# [What the task requires]
In duplicating the lines below, keep every word unchanged and drop the pictures.

# [Data provided]
┄┄┄┄┄┄┄┄┄┄┄┄┄┄┄┄┄┄┄┄

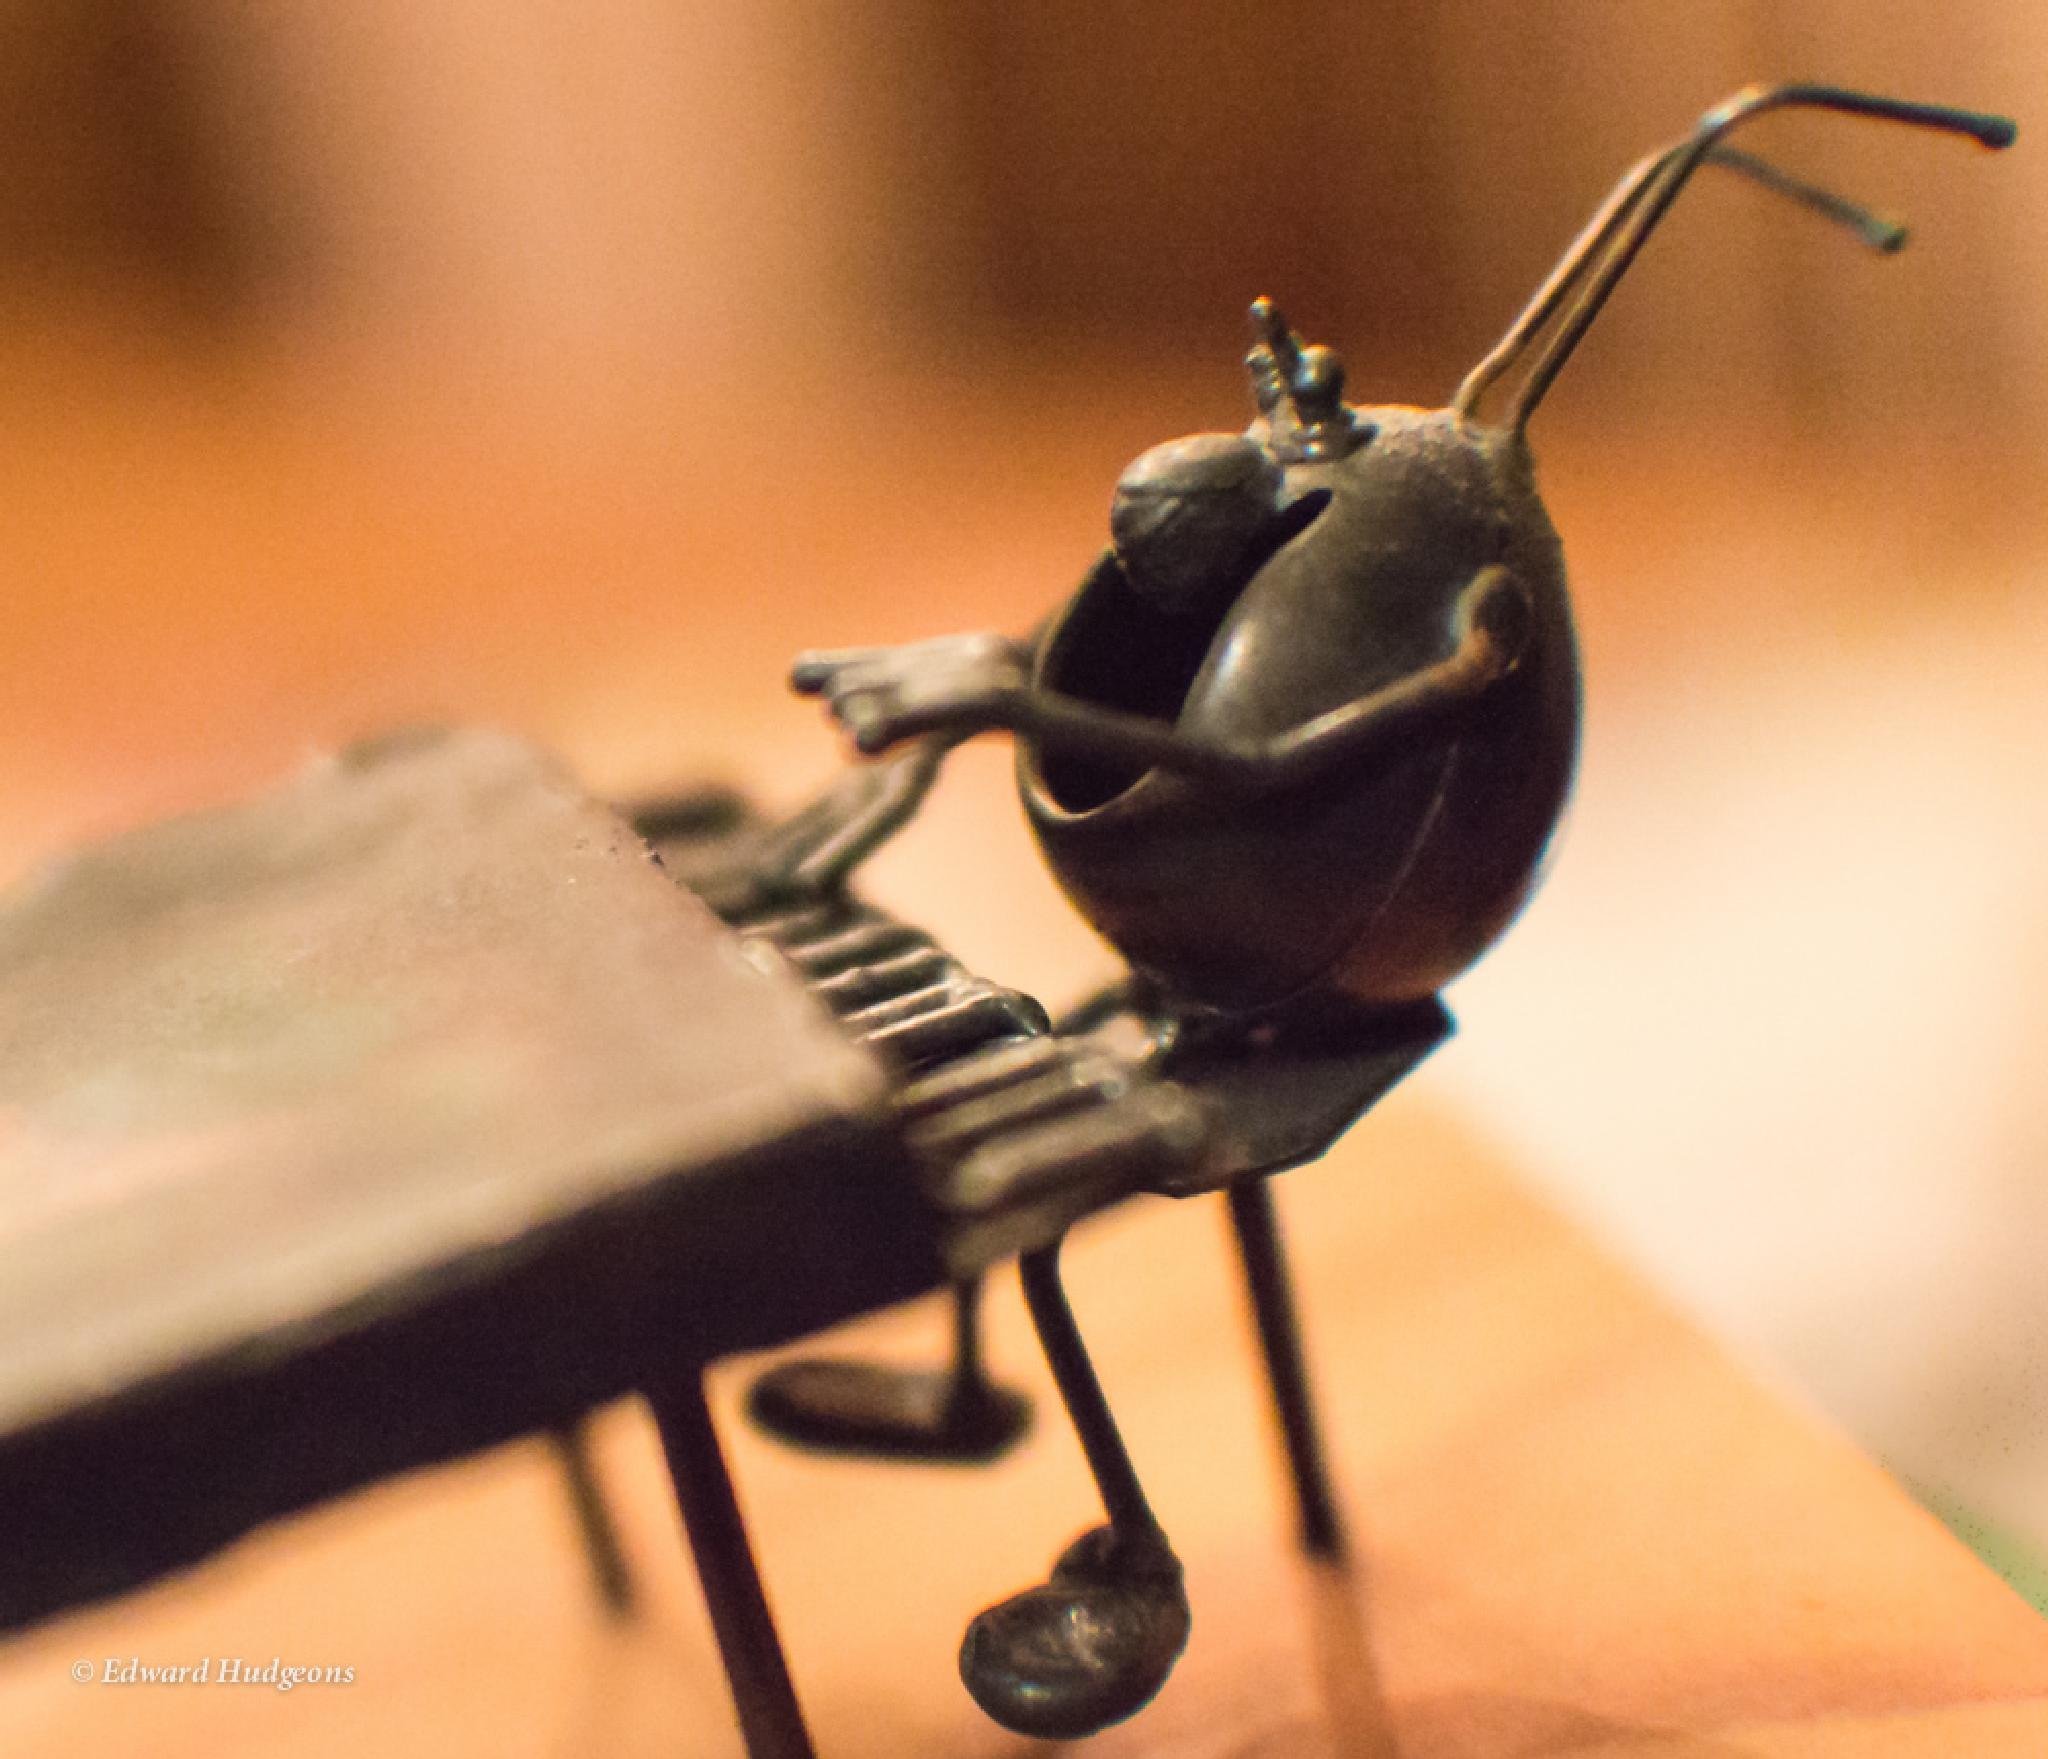 Pianoman 2 by Edward Hudgeons
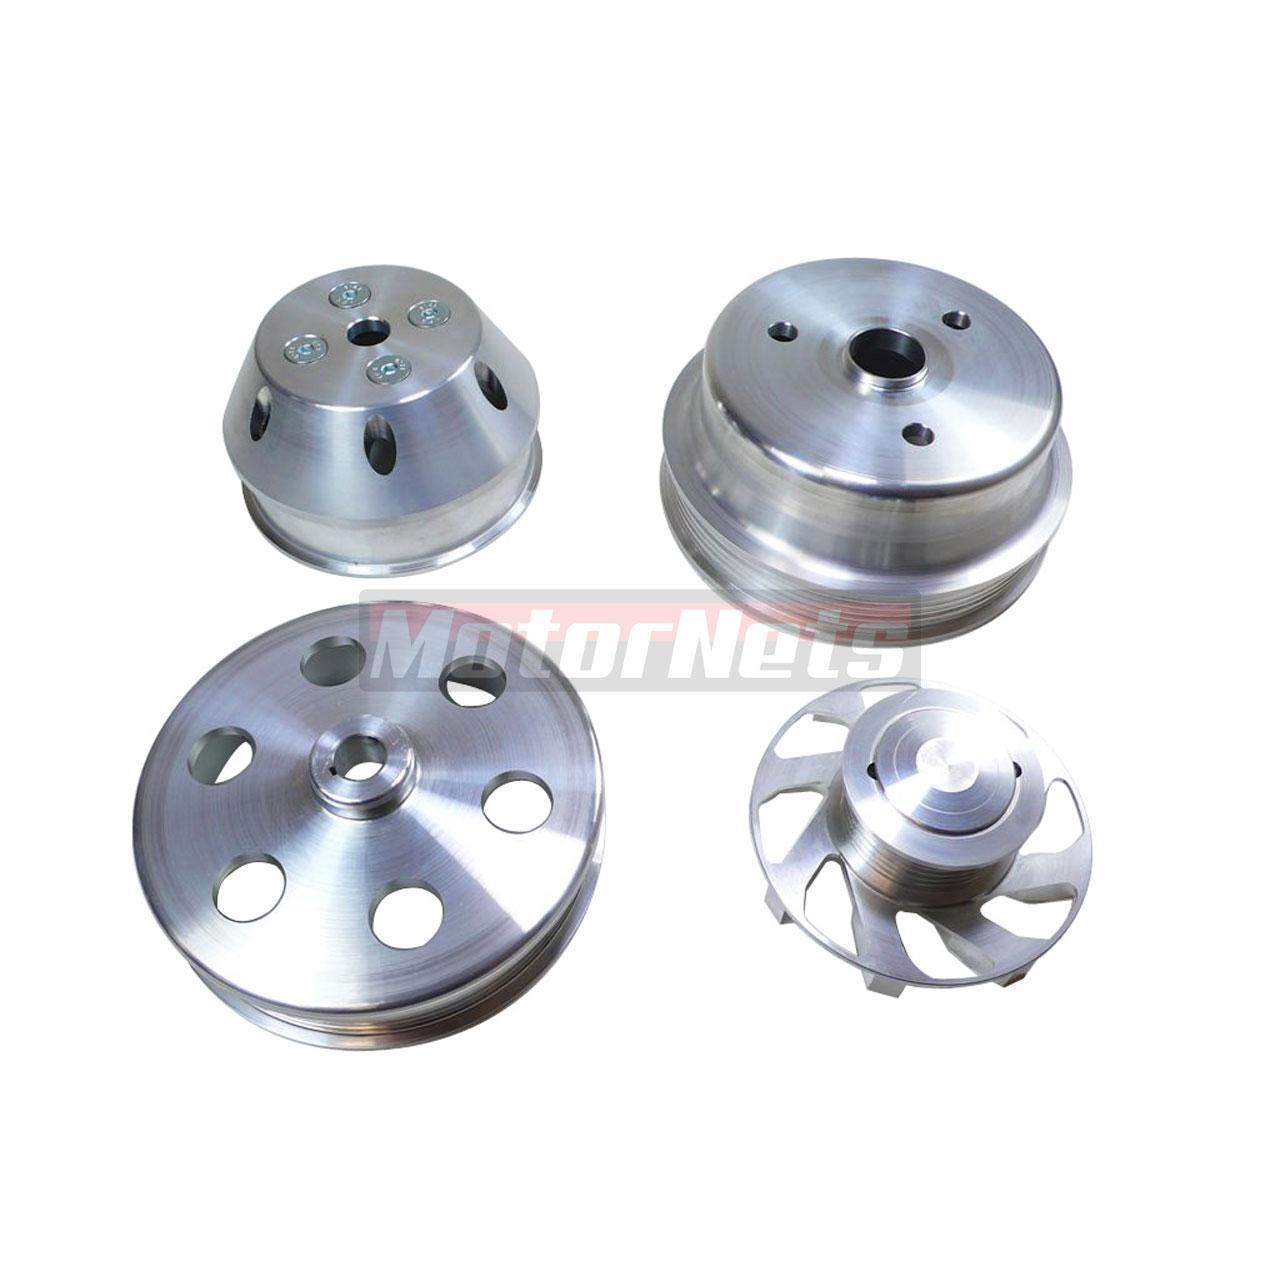 Stain Aluminum LWP SBC Crank Alternator Power Steering
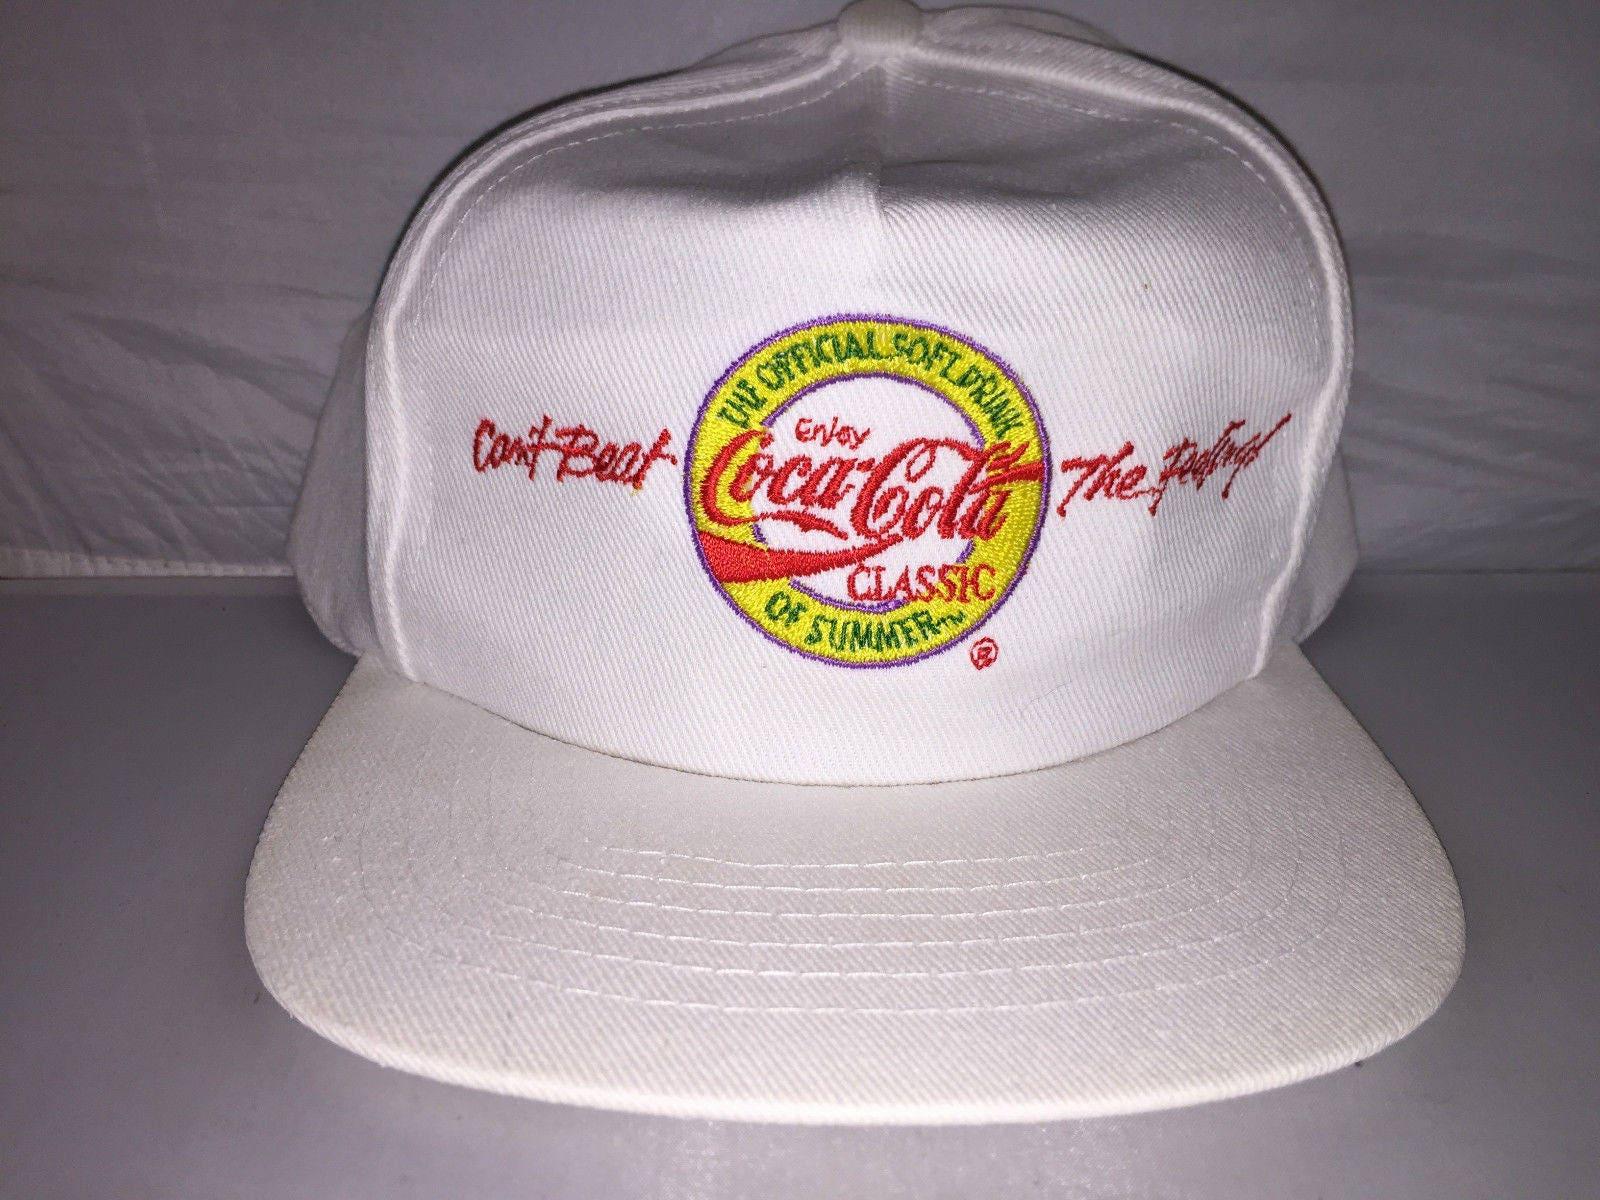 Vintage Coca Cola Snapback hat cap rare 90s soda coke hipster  024e45dd18d8

┄┄┄┄┄┄┄┄┄┄┄┄┄┄┄┄┄┄┄┄

# [Solution to this exercise]
 Pianoman 2 by Edward Hudgeons
 Stain Aluminum LWP SBC Crank Alternator Power Steering
 Vintage Coca Cola Snapback hat cap rare 90s soda coke hipster  024e45dd18d8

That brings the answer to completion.